The report also examines the use of such funding tools in relation to the wider policy context for urban regeneration and investment in enabling infrastructure. The report provides a review of the potential costs and benefits of using new and existing funding tools to deliver major regeneration projects, with particular consideration of the use of financial tools to bridge the gaps in core project funding. It demonstrates that the application of a mix of new local funding tools, to support enabling infrastructure investments, could deliver significant benefits to local areas, with the potential to generate long term economic gains to the Treasury.
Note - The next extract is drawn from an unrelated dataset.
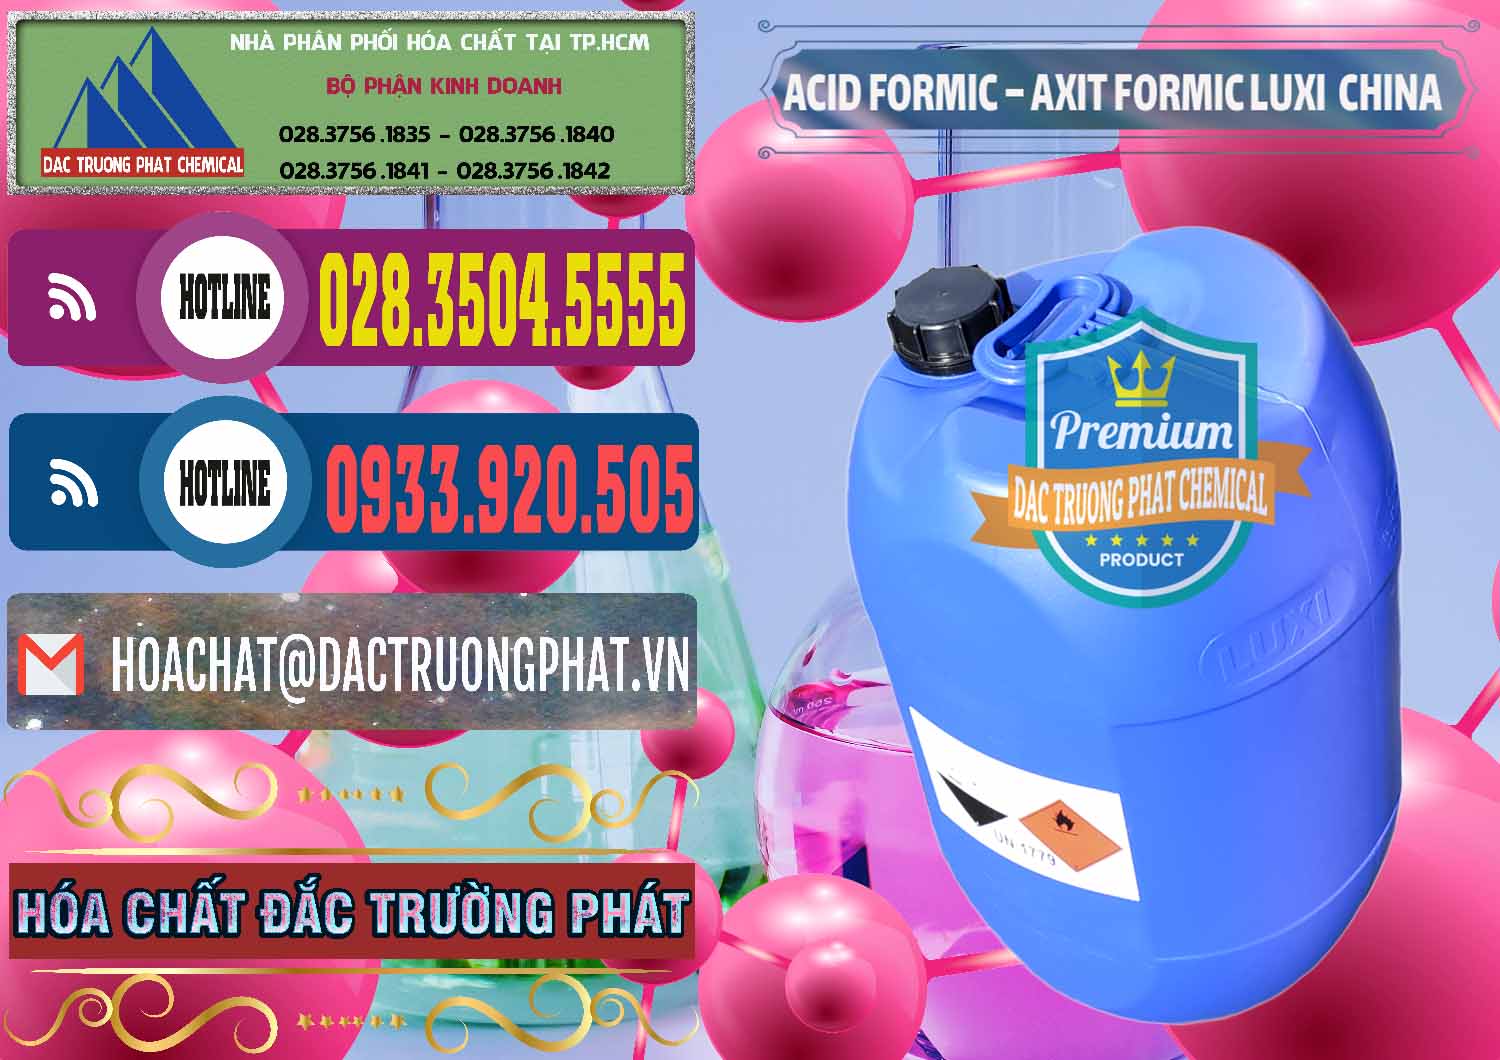 Công ty kinh doanh _ bán Acid Formic - Axit Formic Luxi Trung Quốc China - 0029 - Công ty chuyên bán & phân phối hóa chất tại TP.HCM - muabanhoachat.com.vn

The review of Core City case studies suggest that the appropriate use of new financial instruments for funding enabling infrastructure could increase local economic and employment outcomes substantially over what might be achieved through conventional funding routes. Based on the case studies, this could represent a potential increase in housing, employment and economic activity outputs of between 50-80%. The analysis also suggests that emerging and alternative financial tools could offer an acceptable return on investment and would help lever in private finance by providing timely ‘up front’ infrastructure to act as a catalyst for development.
Description
One factor that is key to city competitiveness is infrastructure and its role in supporting productivity and growth. The Core Cities have suffered from a legacy of persistent under-investment in their infrastructure. Most have benefited in recent years from increases in public spending on housing, transport and public services, but there is still a large and growing need for investment in new and replacement infrastructure. Moreover, as the OECD observes, there is insufficient public funding available in the UK to satisfy the competing demands for improving and expanding existing infrastructure (Infrastructure to 2030, OECD 2007). City authorities have been working together to improve infrastructure networks, but have little discretionary powers or funding for sustained infrastructure development.
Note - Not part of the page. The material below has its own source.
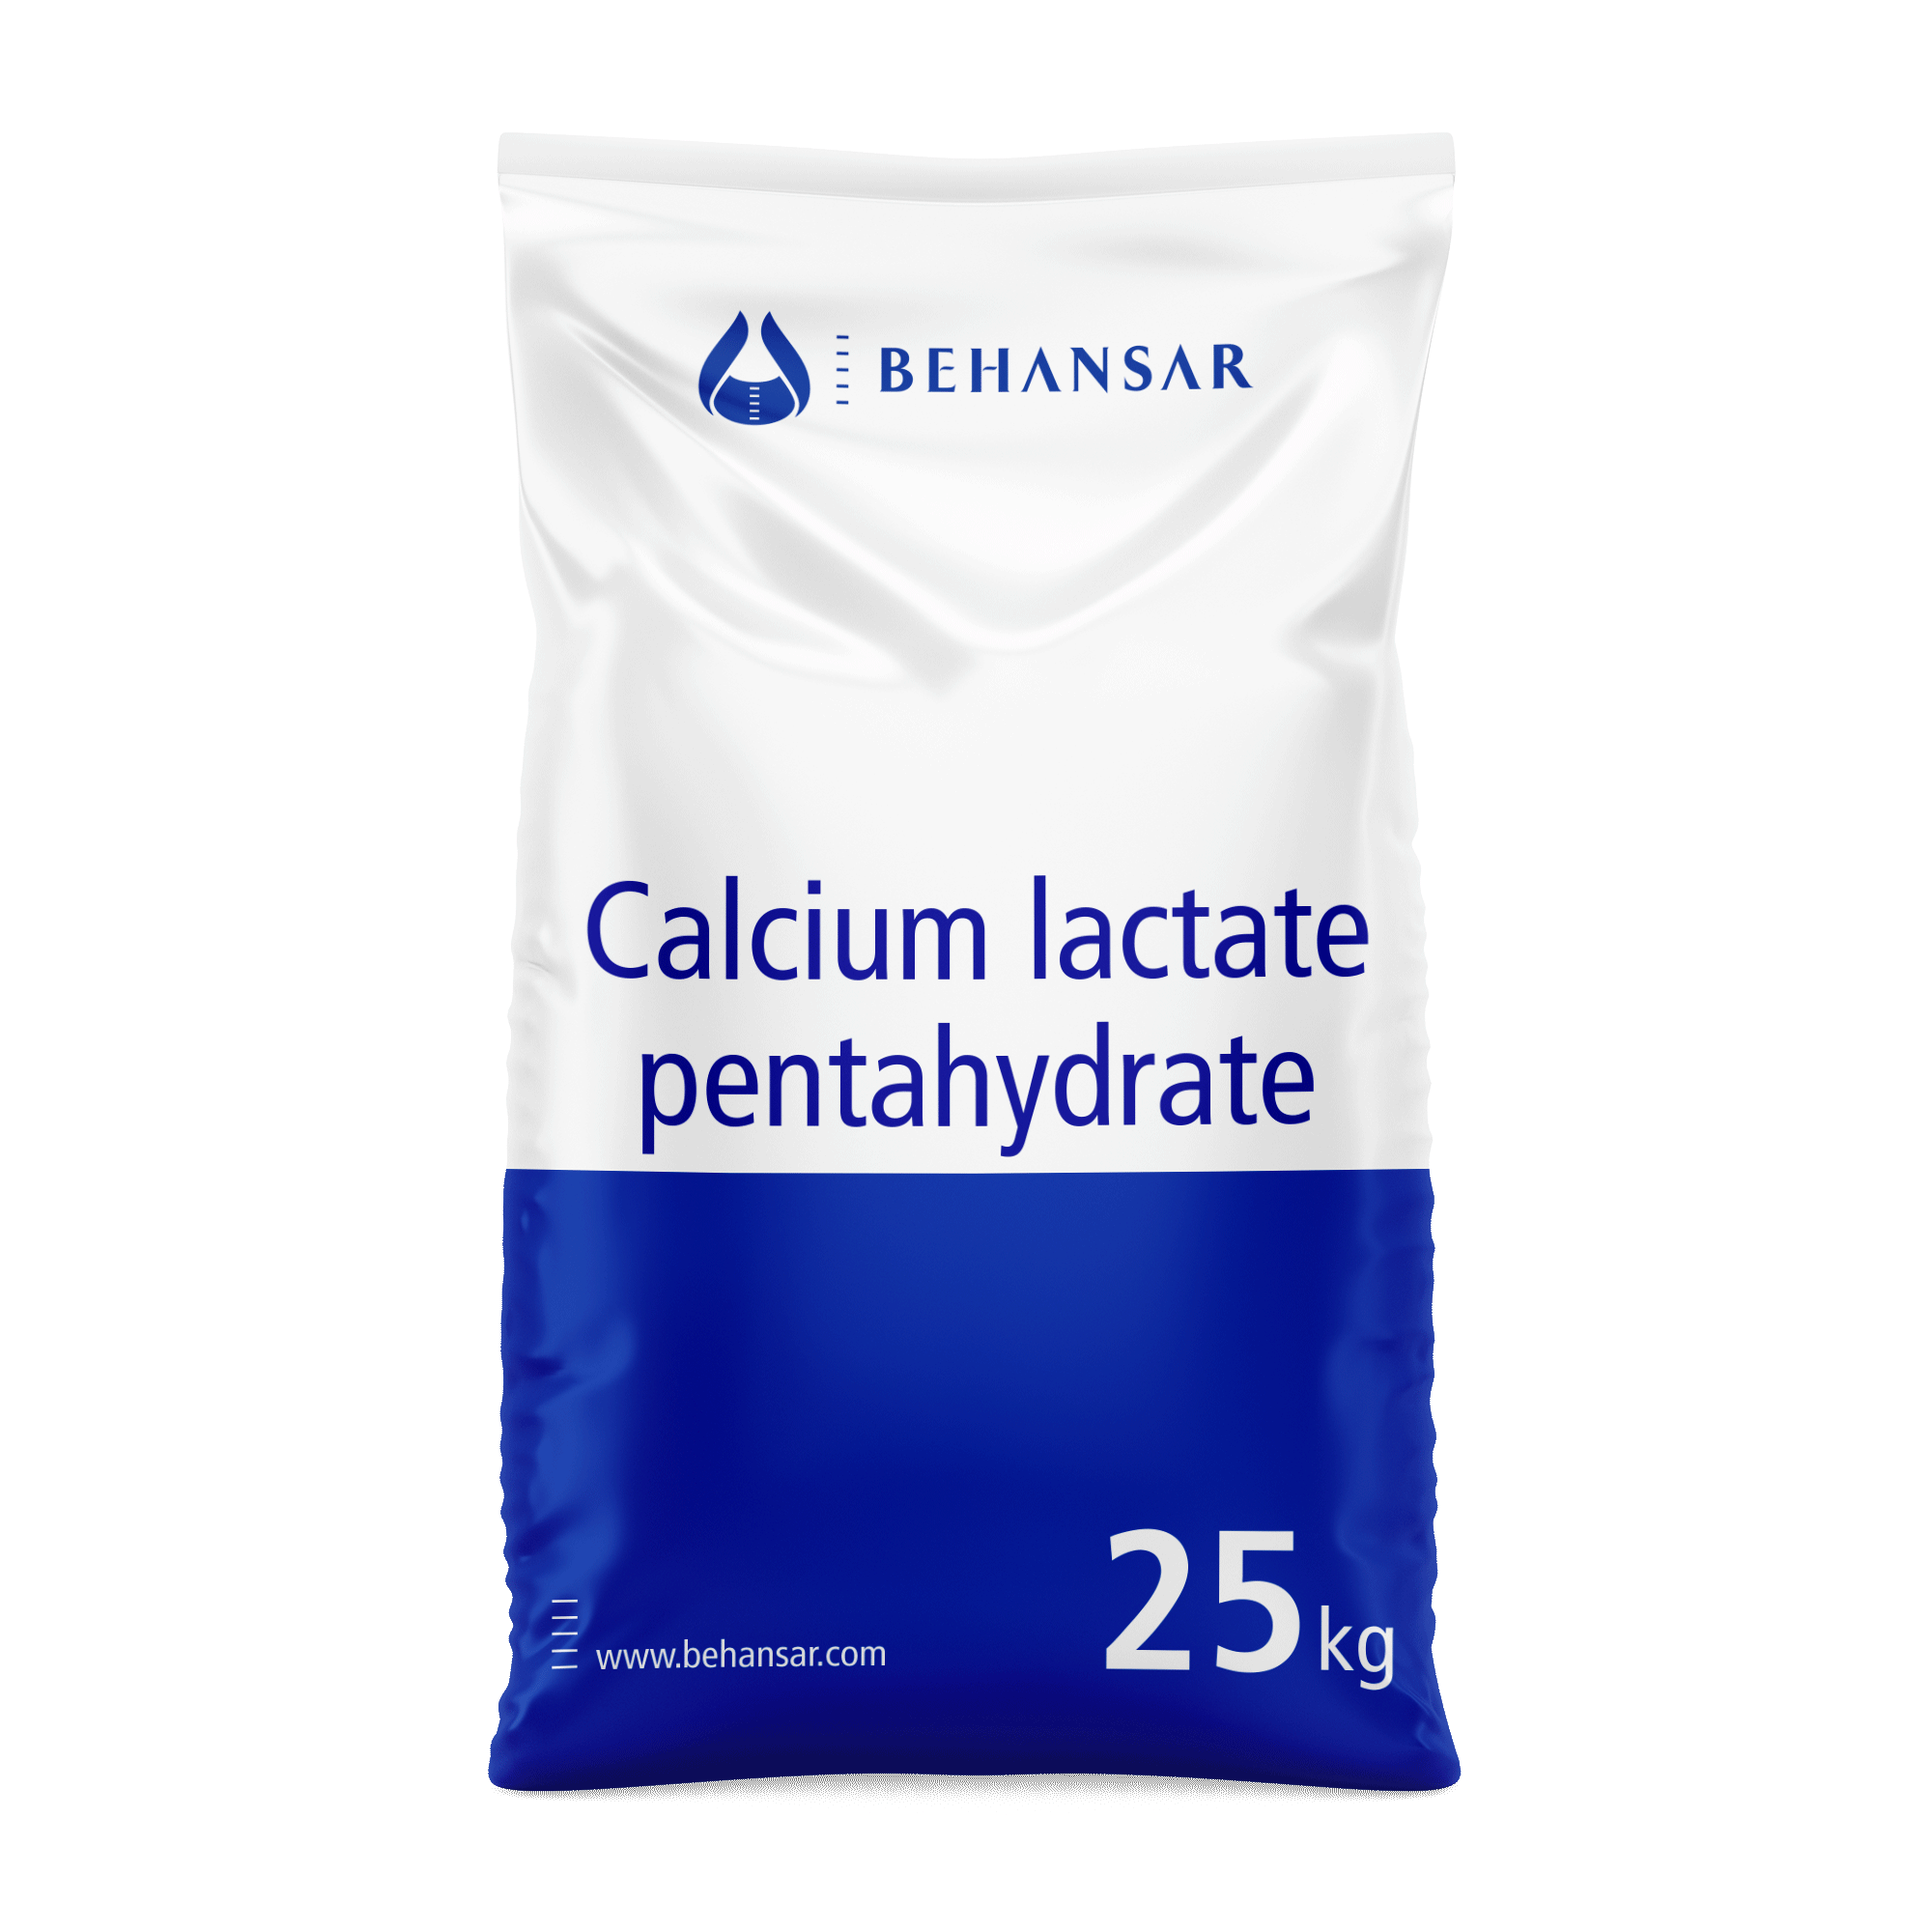 کلسیم لاکتات پنتا هیدرات یکی از تولیدات شرکت بهانسار است

The potential for improvement in the Core Cities economies remains strong, but many high quality investment projects that offer substantial social and economic benefits are being delayed or constrained due to a lack of finance. Macro-economic uncertainty and the impact of the credit crunch have reduced the availability of private finance, but the demand for infrastructure investment over the medium to long term is robust. In particular, there is an appetite for greater use of publicprivate partnerships and innovative local funding schemes to secure additional investment, especially in enabling infrastructure. Sustained investment in local and regional infrastructure is viewed by the main stakeholders as vital to the long term prosperity of the Core Cities and to meeting the Government’s long standing objective to narrow the economic divide between and within regions. Immediate action aimed at bridging the infrastructure deficit in the Core Cities could also act to boost market confidence during challenging economic conditions and bolster investment activity.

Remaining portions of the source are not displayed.